Bottom Line: What can I say? I bought shares of TRAMX at its opening in September and shares of this fund at its opening in May. Despite having recently suffered through my 52nd rendition of the "you can’t legally sing it without paying royalties to Summy-Birchard Music and the Hill Foundation" birthday song, I still have a long investment horizon. For folks thinking in terms of years, frontier markets strike me as dangerous speculation. For folks thinking in terms of decades, they strike me as timely, powerful tools. Both Fidelity and Price offer the sort of seasoned managers, large research corps, and rational investing discipline to make them good choices for folks who agree.

Nota bene: I’d like to offer my thanks to Sophie Launay, one of Fidelity’s media relations specialists. She did a wonderful job in gathering timely, detailed responses to a bunch of my questions from members of Fidelity’s EMEA group. I’m delighted, relieved and impressed. And, too, she has such a cool accent.

Fund website: www.fidelity.com



June 1, 2008

Update (posted February 1, 2009):

Assets: $30 million

Expenses: 0.98%

2008 return: (53% -- from mid-May)

 

FEMEX opened in May 2008.  In retrospect, it’s hard to imagine a worse moment.  Not only were the emerging markets about to get crushed after posting giddy returns for years, but also the commodities markets upon which FEMEX’s portfolio countries depend were going to fall even faster.  In absolute terms, the fund’s losses were huge:  On the upside, the fund leads its composite benchmark by 2-4% points for the few trailing periods that are available to us.  Given the unique range of countries in the portfolio – emerging Europe (read: Russia) as well as the Middle East and Africa – it’s hard to have much confidence in peer comparisons since the other “frontier market” sorts of funds are either considerably broader or lack the emerging Europe component.  Nonetheless, one can get a general sense of Mr.

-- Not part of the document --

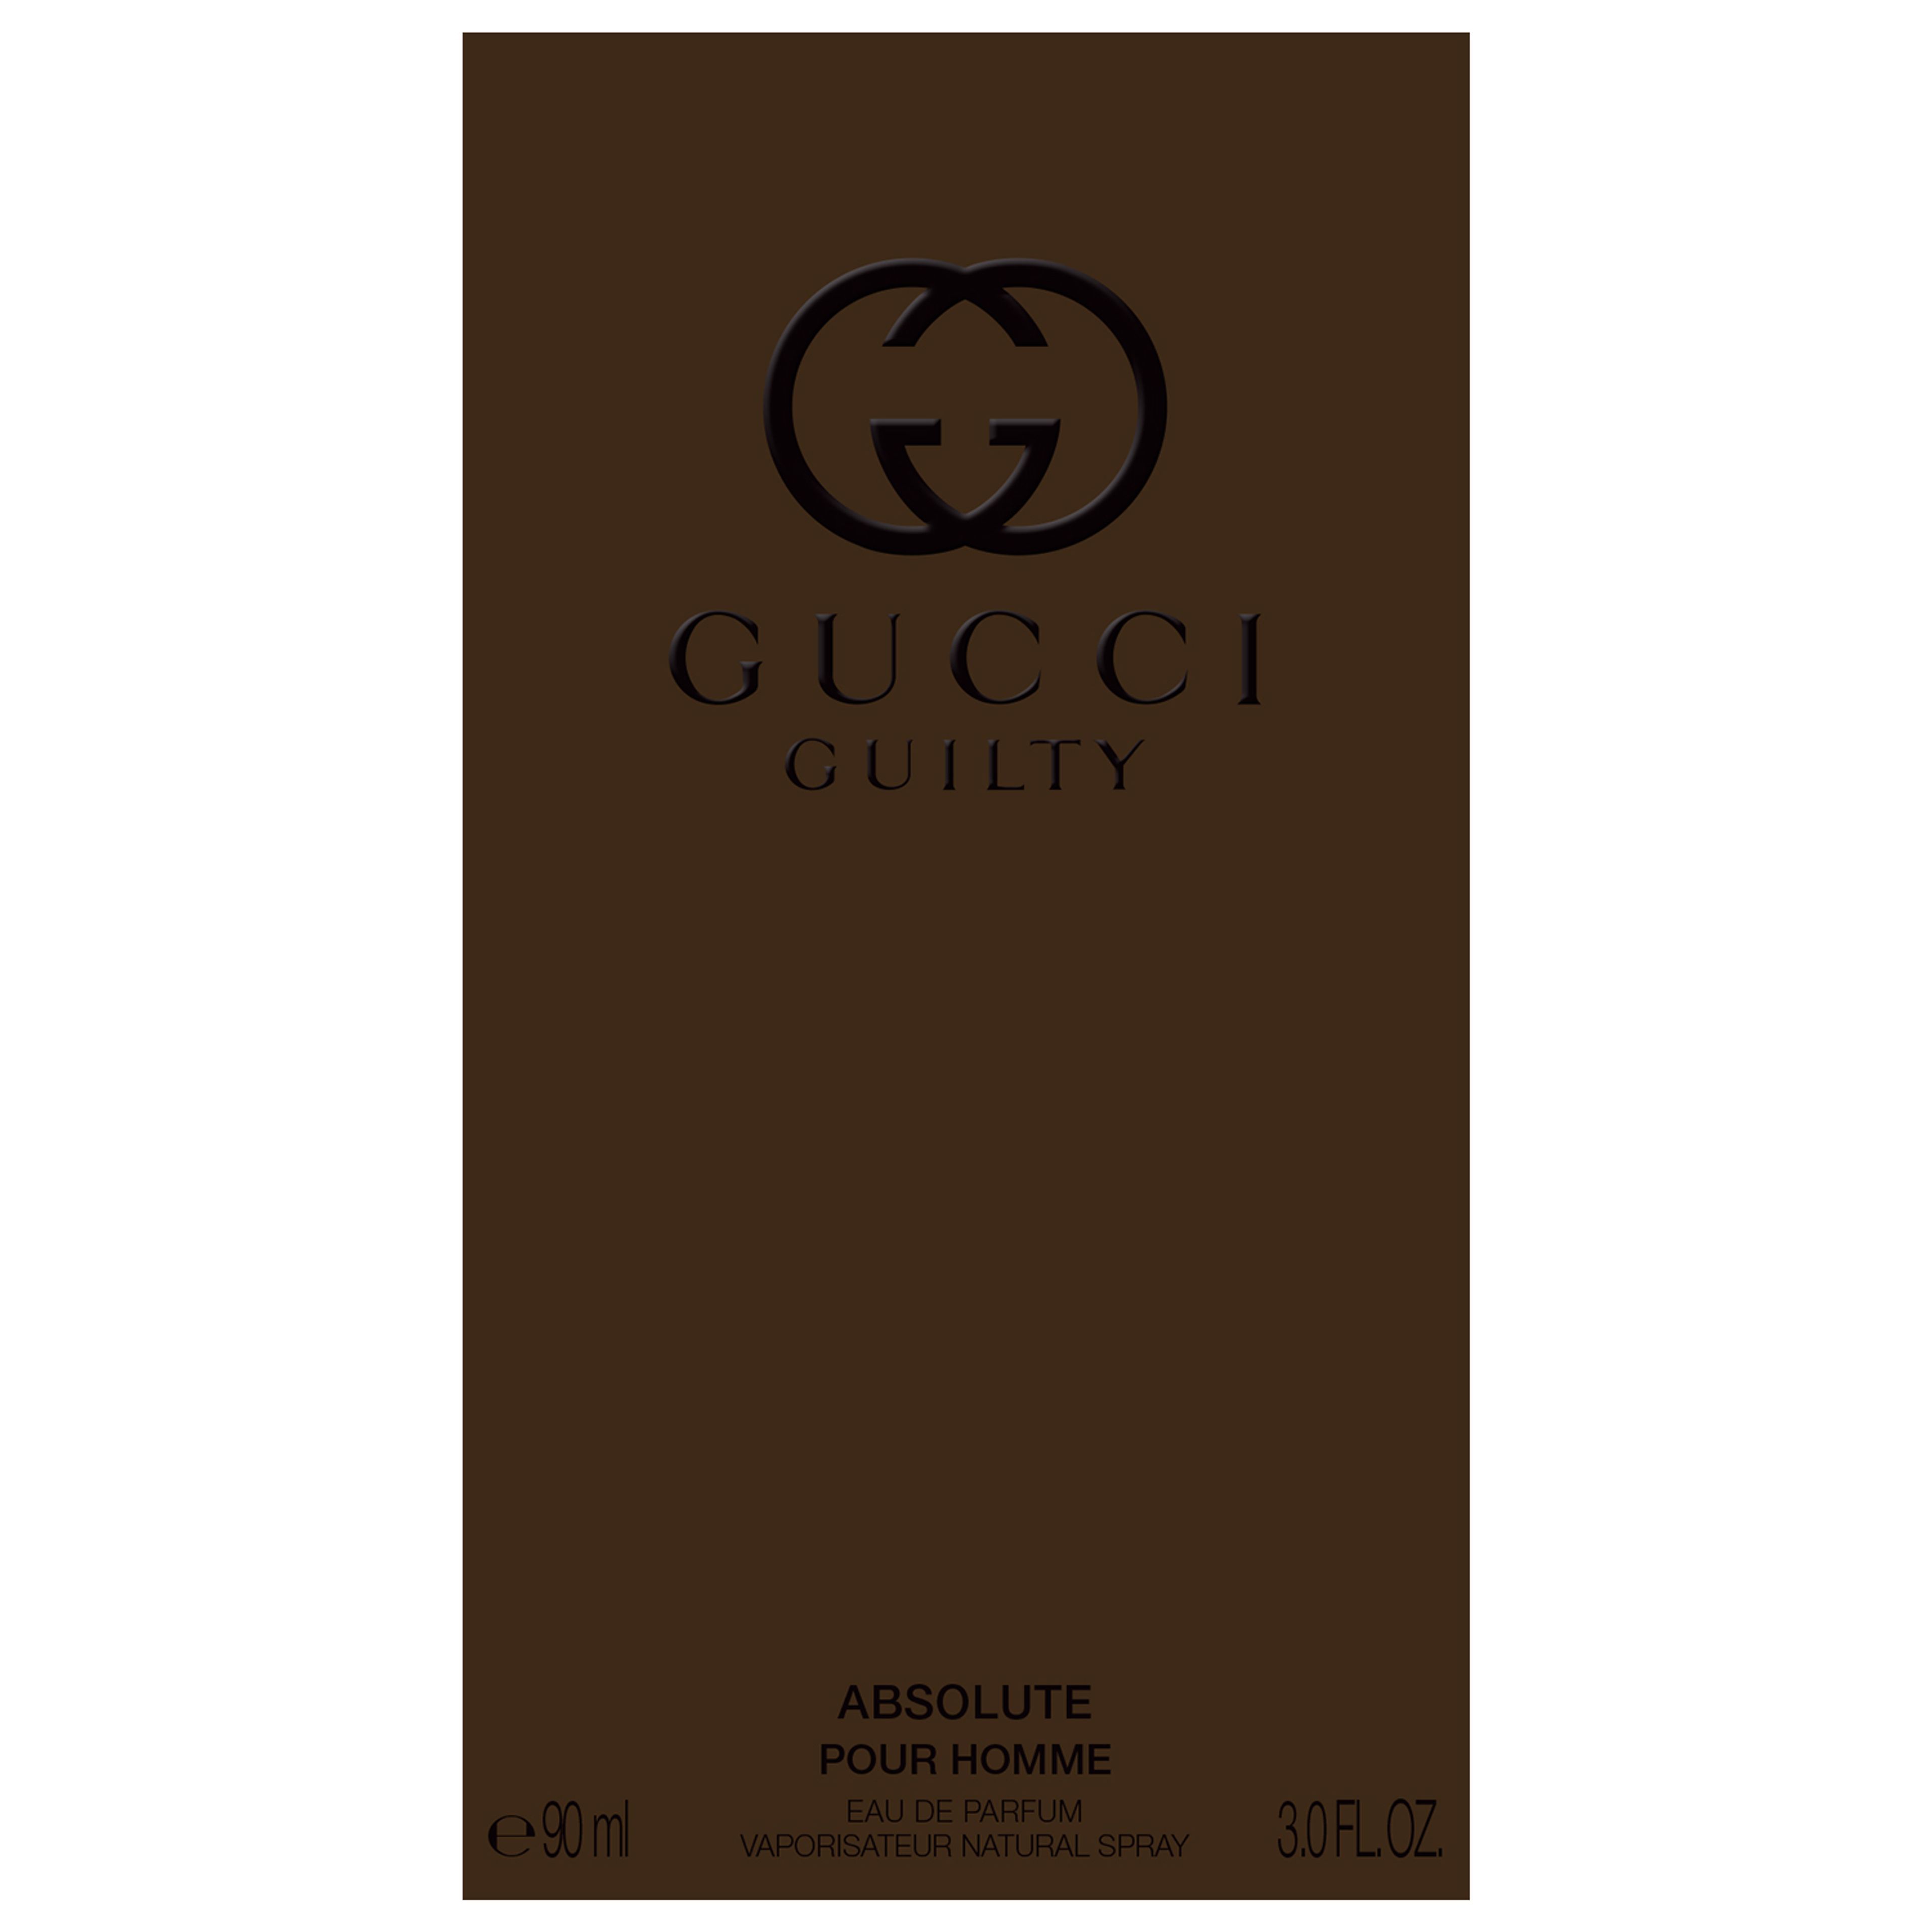 Gucci Gucci Guilty Absolute Pour Homme Eau De Parfum 3

Kutas’ work by looking at the 2008 performance of the alternatives which a prospective frontier markets investor might have considered, as well as the indexes for the two countries which dominate FEMEX’s portfolio:

 

July – September

October - December

FEMEX

(26.9)

(33.2)

S&P Emerging Middle East & Africa

(16.9)

(28.9)

T. Rowe Price Africa & Middle East

(28.6)

(37.9)

ING Russia

(45.6)

(48.6)

iShares MSCI South Africa Index

(16.6)

(17.5)

Much of the loss is likely attributable to the fund’s heavy energy exposure: three of its top five holdings (Gazprom, Lukoil and Sasol) are natural gas and oil producers.  The fund is heavily weighted toward just two countries, South Africa at 38% and Russia at 31%, and the latter market has faced an epic crisis.  ING’s Russia fund, for example, lost 72% in 2008.

The fund’s ability to lead its index and its ability to remain competitive with funds not exposed to the Russian mess suggests that Mr. Kutas’ stock- and sector-choices are adding modest benefits.  That said, I ridiculed the notion of considering a fund such as this unless your time horizon was decades rather than years, which means that the first six months of the fund’s existence offers little more than the shadow of a hint of its likely performance in the long-term.